That would be nice – but I’m frankly just guessing, based on this:
Kraków-based branch of CD Projekt Red, established in 2013 and best known for The Witcher series, is about to expand significantly. This news has been revealed by John Mamais, the future head of CD Projekt Red’s Kraków studio, in a Q&A session put through by the studio itself. As claimed by Mamais, to truly make use of the potential of a project as ambitious as Cyberpunk 2077, CD Projekt Red will soon increase the number of employees to 500, and Kraków-based branch, now consisting of about 30 developers, will expand to about 100.
If they’re expanding the staff now then they’re probably not going to have the game done either this year or next. 2018 is the earliest, right? – I’ve never worked in a video game studio, mind you. I may be making bad assumptions. I’d love to be told that this is consistent with a Christmas 2017 release…
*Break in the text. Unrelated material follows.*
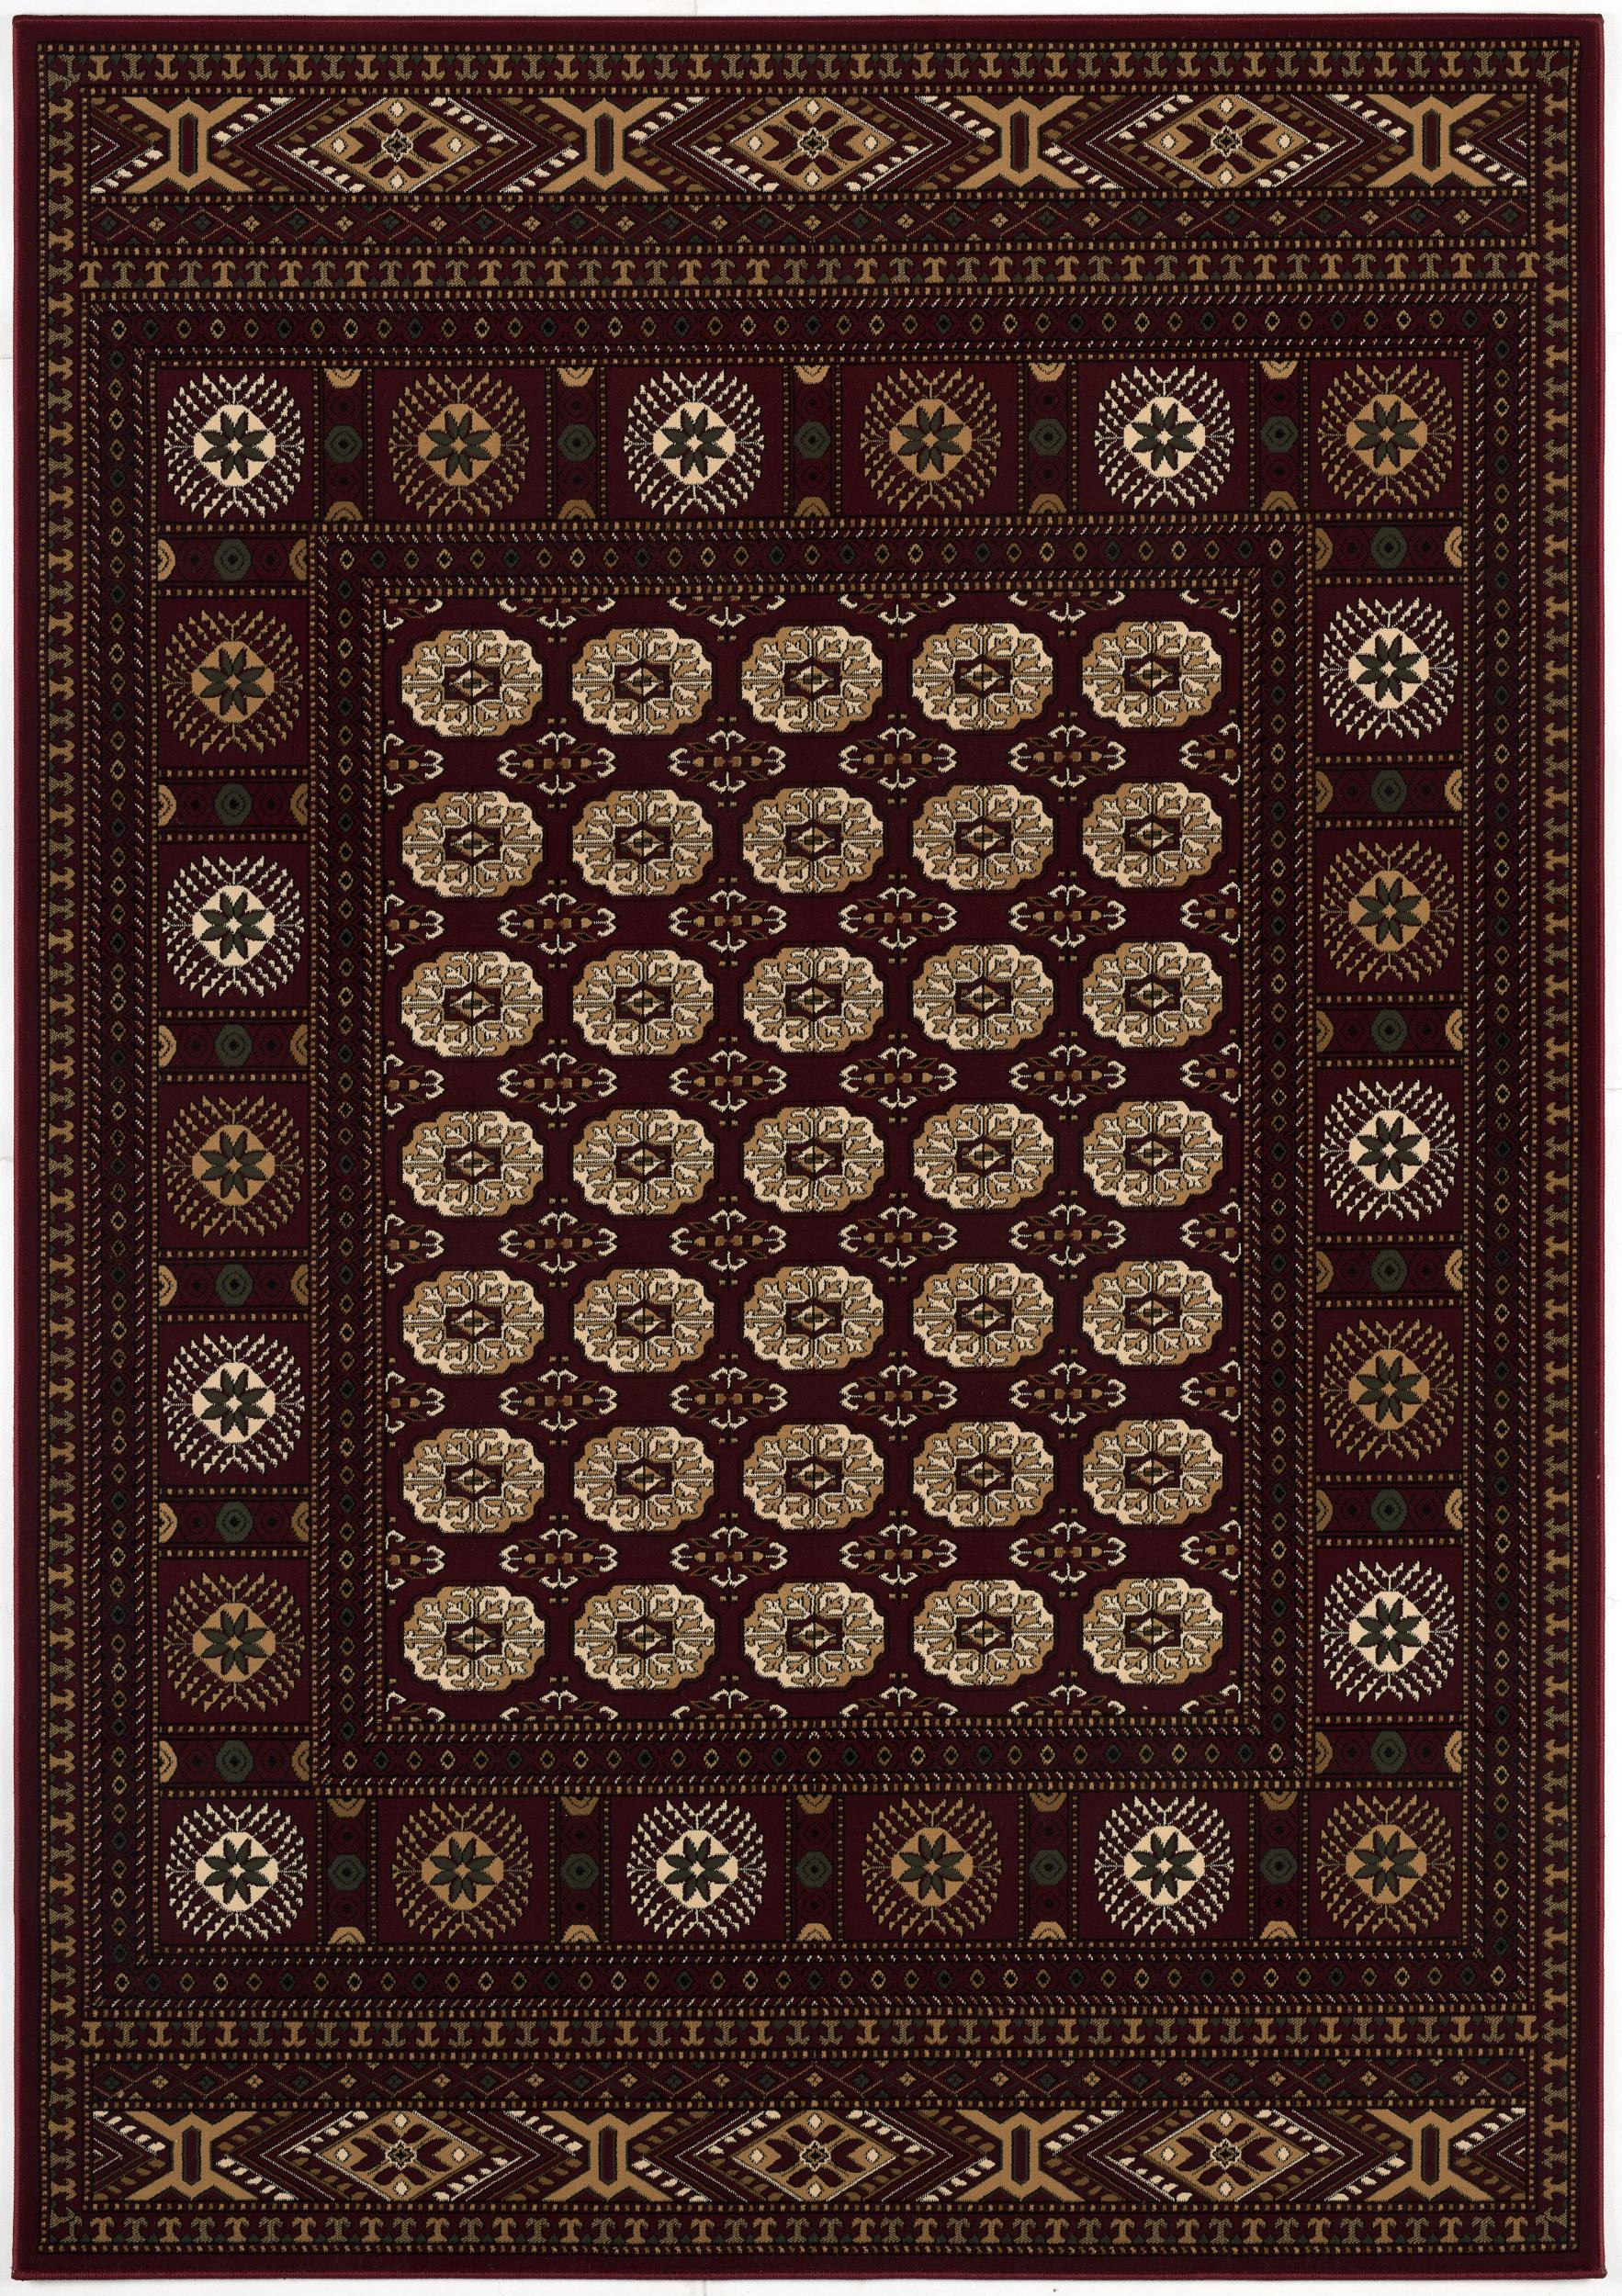 5’ x 8’ Red Eclectic Geometric Pattern Area Rug-395470-1

I listen to a LOT of gaming podcasts (sensible ones!) with industry contacts, and I would not put a Fall 2017 release out of the realm of possibility. They seem to have more irons in the fire than just Cyberpunk 2077. I would expect we will get more definite clues around E3.
I used to know a video game developer. I still have a quote of him saying: “Nothing fills me with dread more than seeing 6 foot high cardboard cutouts of Max Payne with the words ‘PS2 Version in 2001’ on them. How many other programmers can see their deadlines in the local mall.”
There is nothing that will slow an IT project down, short term, like adding lots and lots of people. Clients rarely understand this, management often doesn’t.
It would not surprise me if someone in the company is shooting for a completely impossible date.
True, but I’d be willing to bet that this is mostly artists and content producers. The real problem is going to be getting a consistent look and feel on the art, since as far as I know it’s still just going to be Night City, so everything needs to feel the same. So right now they’re in the ‘generate a crap-ton of art, etc., phase’ and someone will try to stitch it together later.